Anti-inflammatory Therapies and Cardiovascular Risk

“Inflammation is believed to be the primary contributor to excess cardiovascular disease in RA patients, but little is understood about the degree to which anti-inflammatory therapies affect cardiovascular risk,” reported Dr. Maya H. Buch, Leeds Institute of Rheumatic and Musculoskeletal Medicine, UK. While previous studies at her center have shown that RA patients have vascular abnormalities, such as impaired aortic distention, this new set of studies suggest the risk is modifiable with RA therapy. 

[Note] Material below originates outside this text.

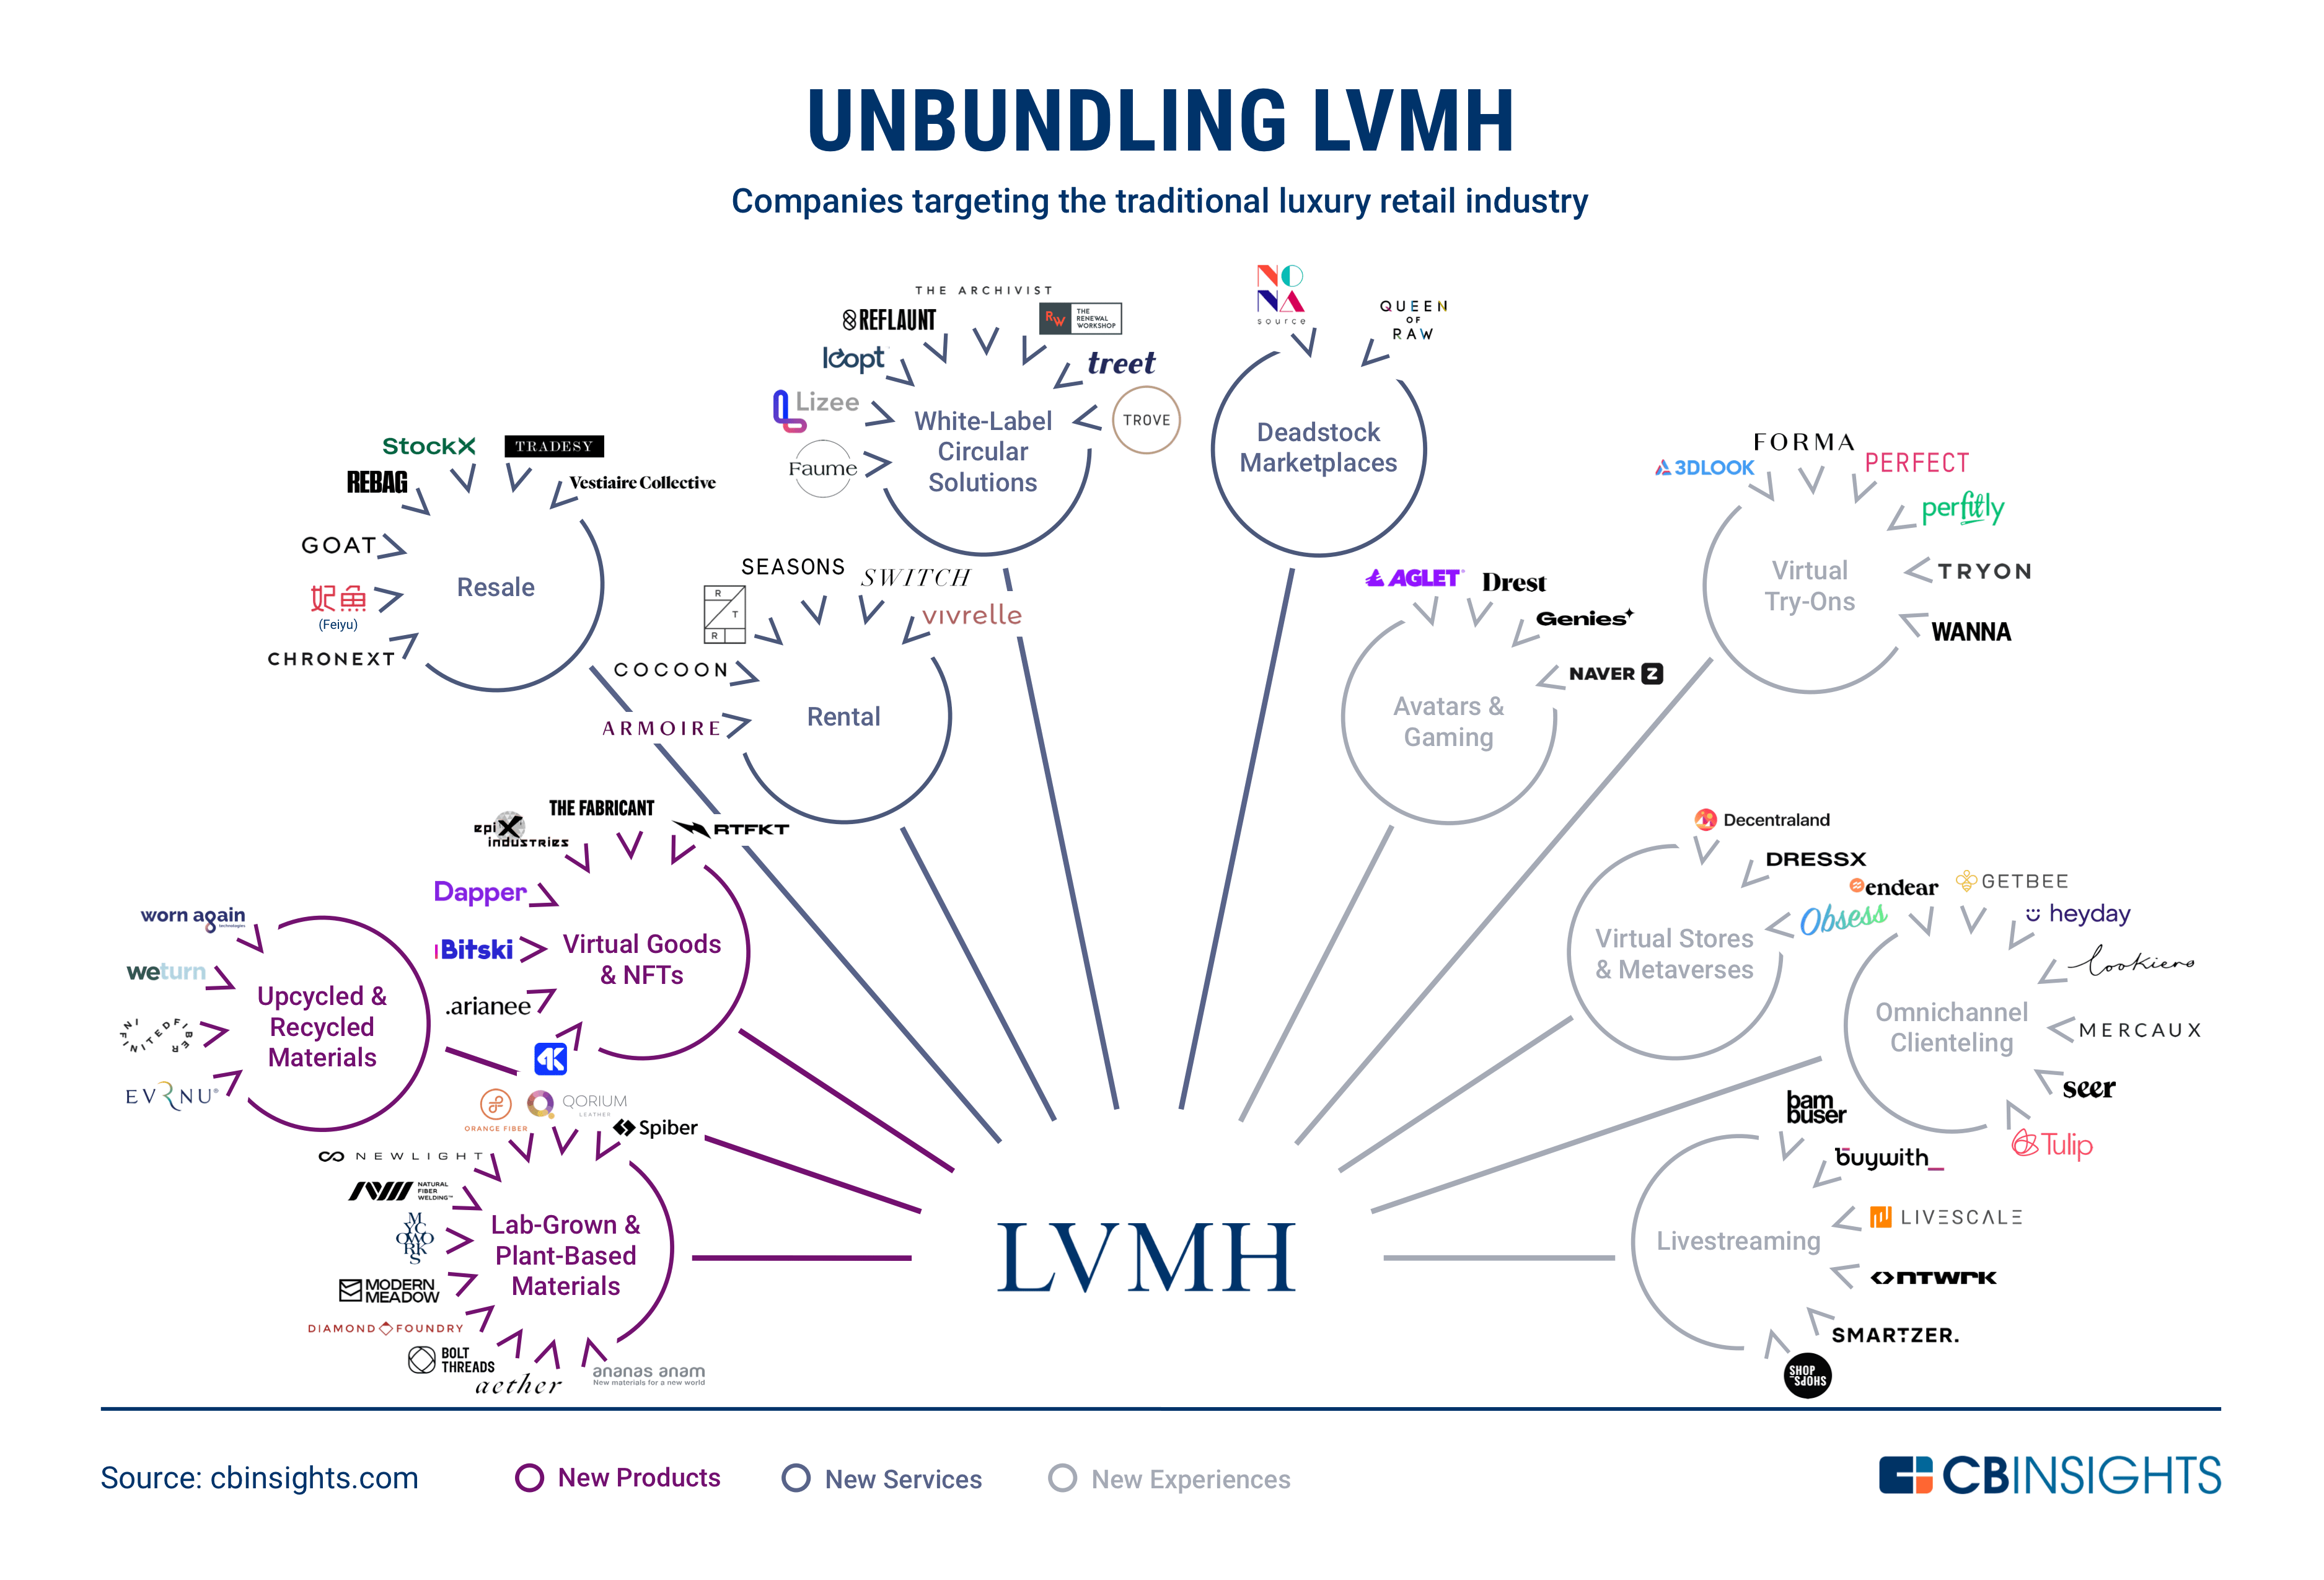 Unbundling LVMH: How Traditional Luxury Retail Is Being Disrupted

In this study, RA patients without a history of cardiovascular disease underwent cardiac MRI (CMR) within a year of the onset of symptoms but before receiving treatment. The 81 patients with vascular abnormalities on CMR were then randomized to a first-line bDMARD TNF inhibitor (etanercept) plus methotrexate or to methotrexate with other csDMARDs in a treat-to-target escalation protocol. Those in the second group with a failure to achieve a DAS28-ESR remission by week 24 were switched to etanercept plus methotrexate. The others in the second group remained on the csDMARD regimen.

The primary endpoint was change in aortic distensibility but other vascular or cardiac measures, such as change in left ventricular mass, were evaluated. The median age of the study population was 49.4 years. The mean baseline DAS28 and CRP measures were 5.6 and 8 mg/L, respectively. 

From the baseline to the end of the first year of treatment, there was a significant reduction in geometric mean aortic distensibility in all patients regardless of assigned treatment (2.99 vs. 3.59 mmHg; P<0.01). Although there were no differences between responders versus non-responders for this primary endpoint, there was a difference between bDMARD and non-bDMARD exposed patients.

Impact of bDMARD Treatment on Aortic Distensibility

“When the Group 1 etanercept responders were compared to those in Group 2 who responded to csDMARD, there was a 16% difference favoring etanercept for improvement in aortic distensibility,” Dr. Buch reported. Although she conceded that the difference, expressed as a hazard ratio of 0.84 favoring bDMARD treatment, did not reach statistical significance (P=0.3), she believes the difference might become significant in a larger trial (Fig. 1). Overall, she emphasized that change in aortic distensibility did not necessarily correlate with RA clinical benefit.

“Improvement in aortic distensibility appears not to be associated with response status per se,” Dr. Buch reported. Rather, the potency of the systemic anti-inflammatory effect of RA therapy “appears to be the most important variable for influencing change in cardiovascular abnormalities.” 

The potency of the systemic anti-inflammatory effect of RA therapy “appears to be the most important variable for influencing change in cardiovascular abnormalities.”

Conclusion

If validated by additional studies, the favorable impact of bDMARD treatment on cardiovascular risk might reorient first-line therapy, particularly in those with elevated cardiovascular risk, Dr. Buch suggested. Although it must be shown that protection against development of cardiovascular abnormalities translates into a reduced risk of cardiovascular events, these initial results “would suggest that bDMARDs plus methotrexate confers a greater benefit over conventional DMARDs as initial RA therapy” when both RA and cardiovascular outcomes are considered.